How do so many companies miss the need to provide their customers with the most basic deliverable during the business transaction ?

Shopkeepers through the ages understood that the customer is not only buying the product or service that their shop was selling, but they are purchasing the experience and all that comes, or should come, with it.

A smile and a welcome. An offer to assist with the shopping process. A willingness to go the extra mile —  to reassure the customer, to offer advice on product use, to be grateful for the transaction and to say the two simple words that every customer deserves to hear — thank you.  Simply, thank you.

It is completely beyond my comprehension that a customer can complete a transaction at a retailer like Wal-Mart or even buy tickets at the movie theater, and the “thank you” never comes. With all the training and management levels, and all the dollars spent trying to attract and create a customer, how can they let even one person walk away without a meaningful and heartfelt ” thank you”?

Perhaps the “associate” should think of it this way:  “Thank you for finding your way in here today and deciding, against all the on-line and off-line options at your disposal, to actually make a purchase. That purchase contributes to the profit of my employer, allowing them to continue to fund my salary week after week, and even though I live for the day that I can get out of this lowly position behind this counter, I truly appreciate your pushing that money across to me.”

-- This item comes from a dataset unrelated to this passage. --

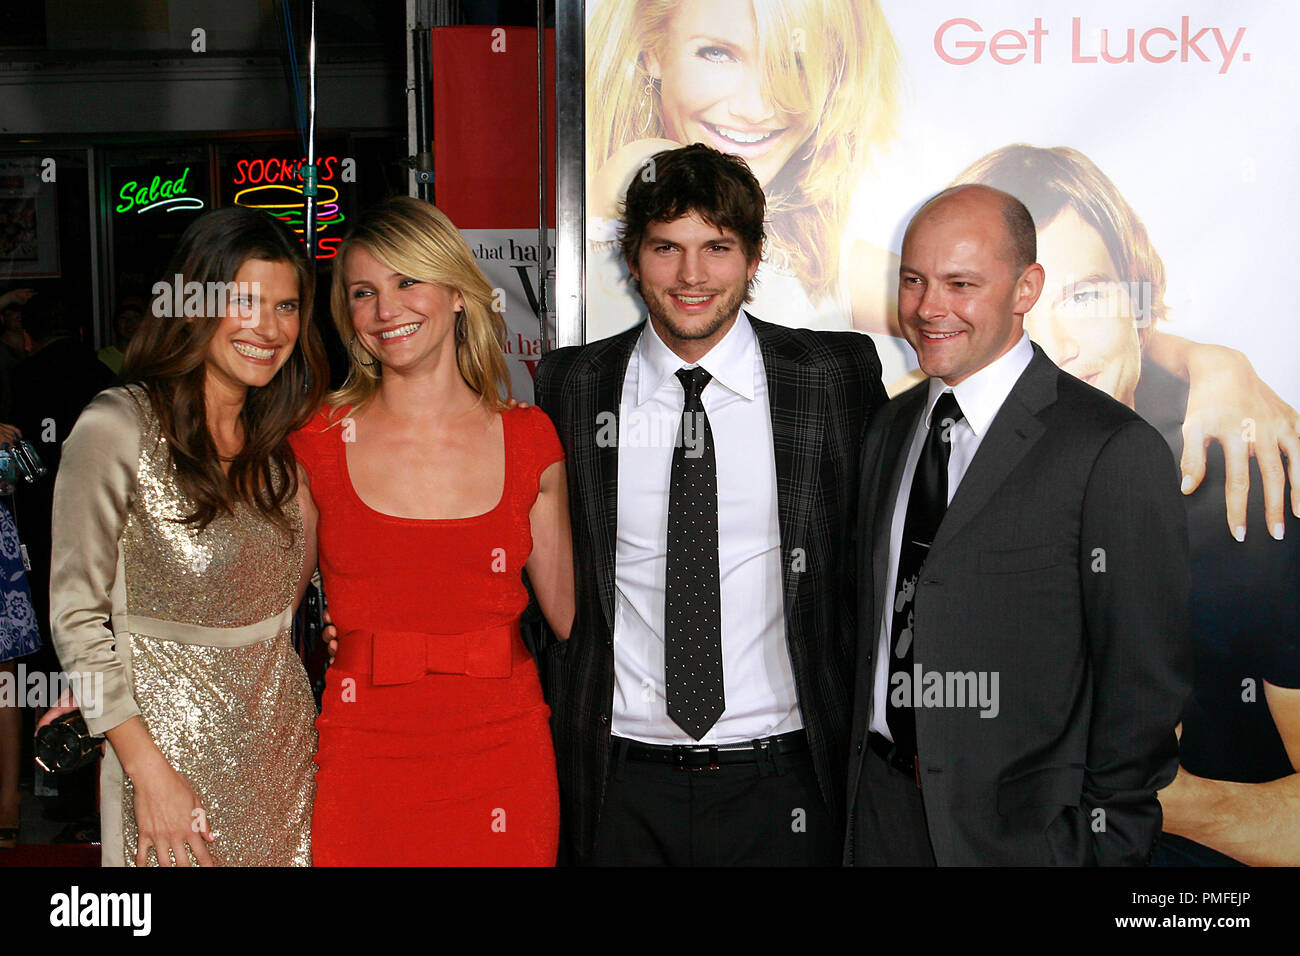 'What Happens In Vegas...' Premiere Lake Bell, Cameron Diaz, Ashton Kutcher, Rob Corddry 5-1-2008 / Mann Village Theater / Hollywood, CA / Twentieth Century Fox / Photo © Joseph Martinez / Picturelux  File Reference # 23507 0078JM   For Editorial Use Only -  All Rights Reserved Stock Photo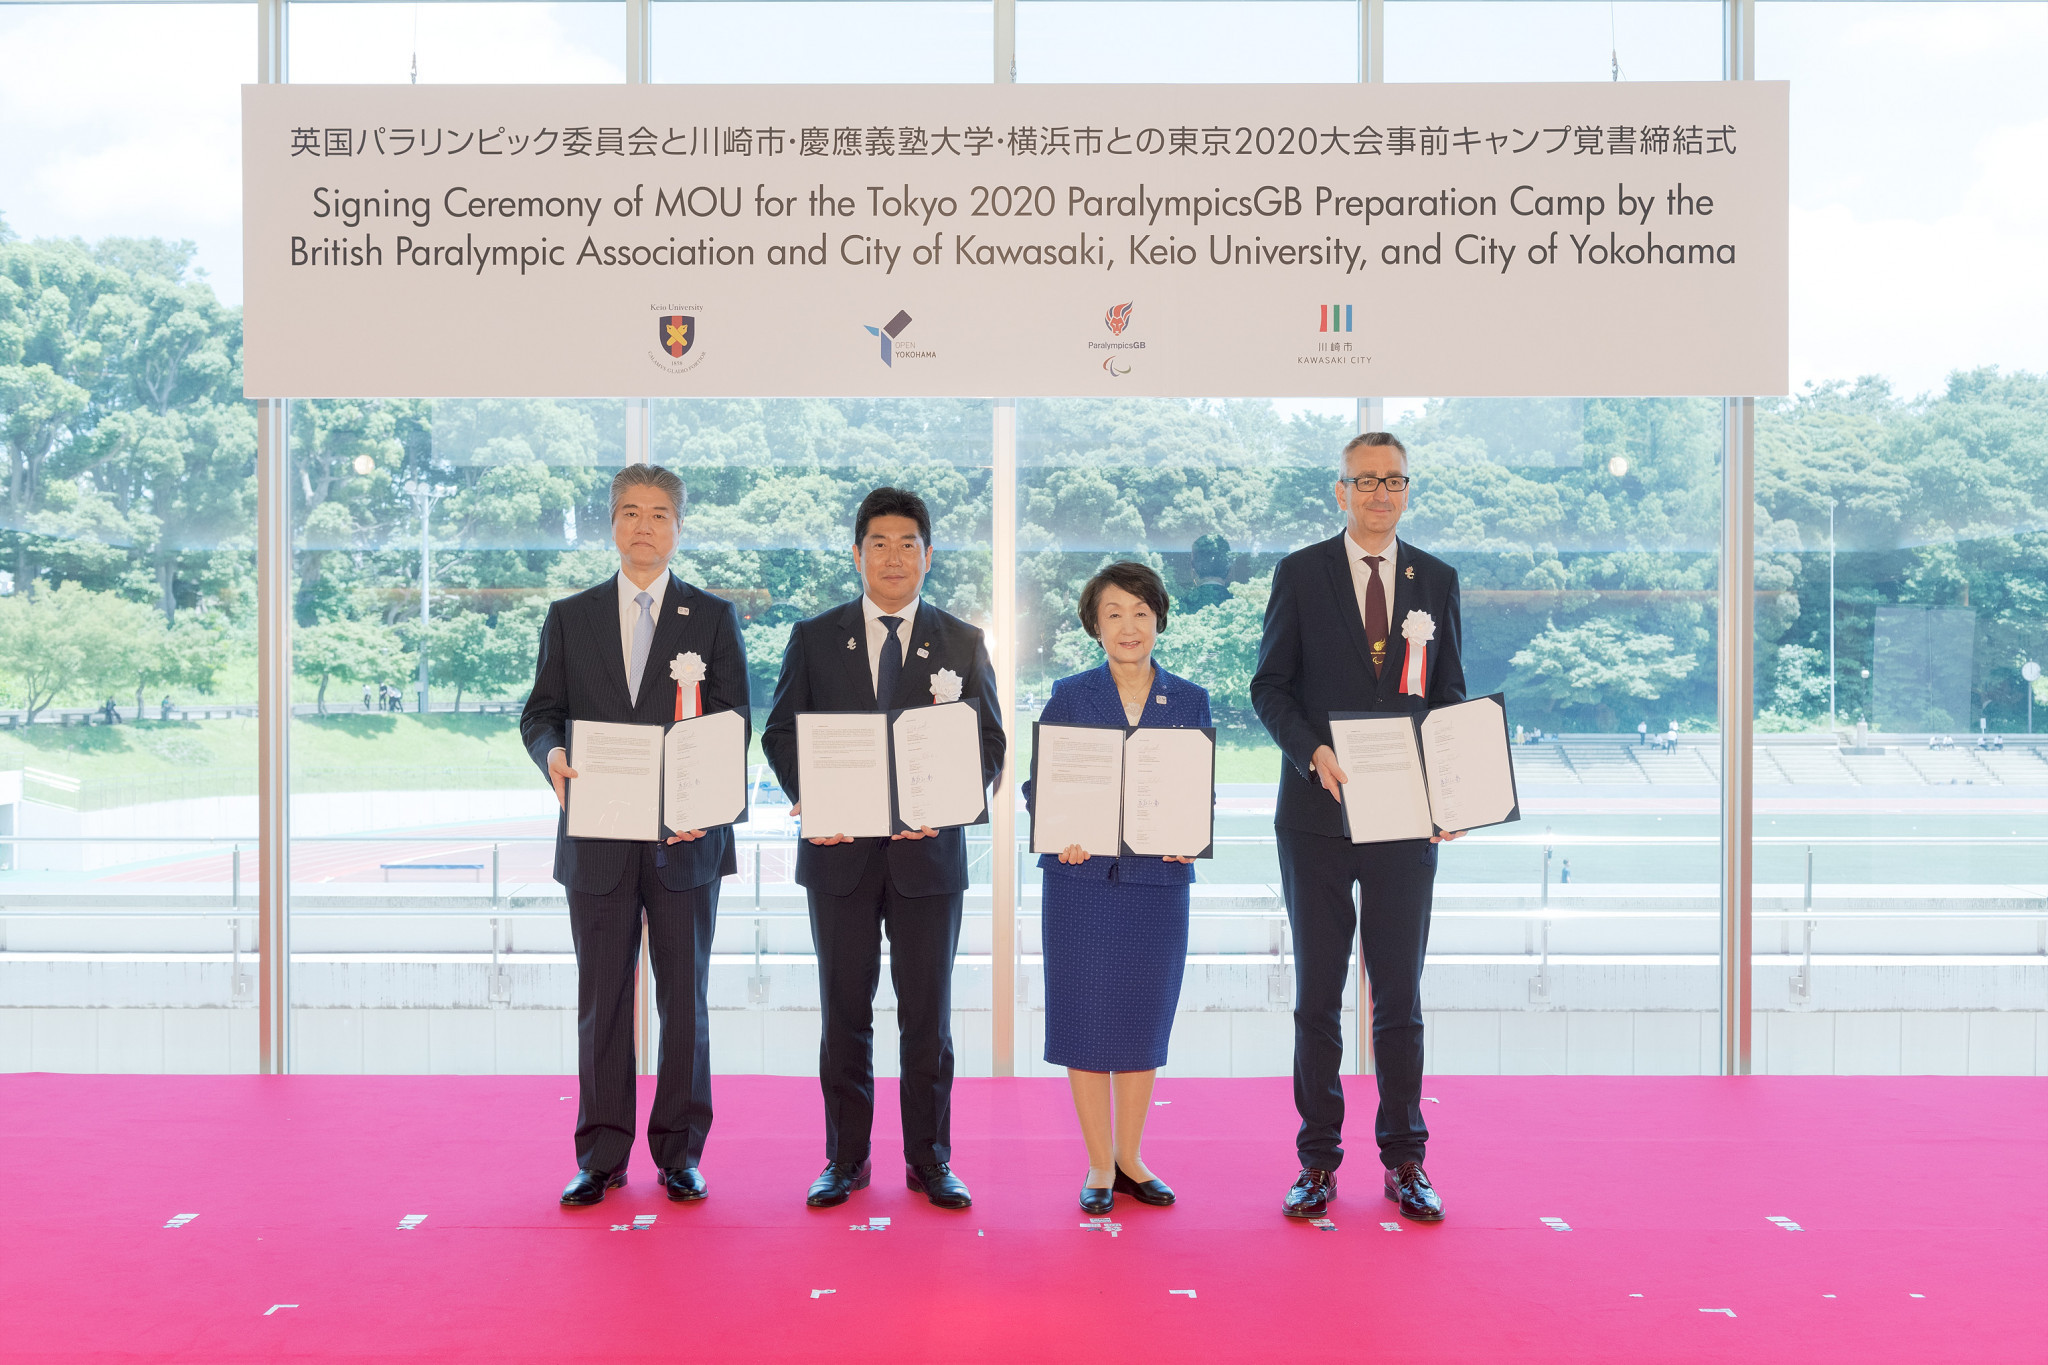 Keio University will serve as a preparation camp for British athletes competing at the Tokyo 2020 Paralympic Games ©BPA

It is even more difficult to comprehend the independent store owner today who misses the opportunity to provide a superior experience for their customers by developing a positive relationship that might just lead to a lifelong customer. When the big guys fail at treating customers well, an opening exists. Store owners that enhance that opening by delivering unexpected and superior service will reap the benefits.  They should not emulate their gigantic competitors, they should just be nicer.  And it’s easy to be nicer than people who are not nice in the first place!

The very real opportunity that the independent shop owner has today to survive is to revive.  Bring back simple respect.  Treat the customer like a friend, and they will come back for more.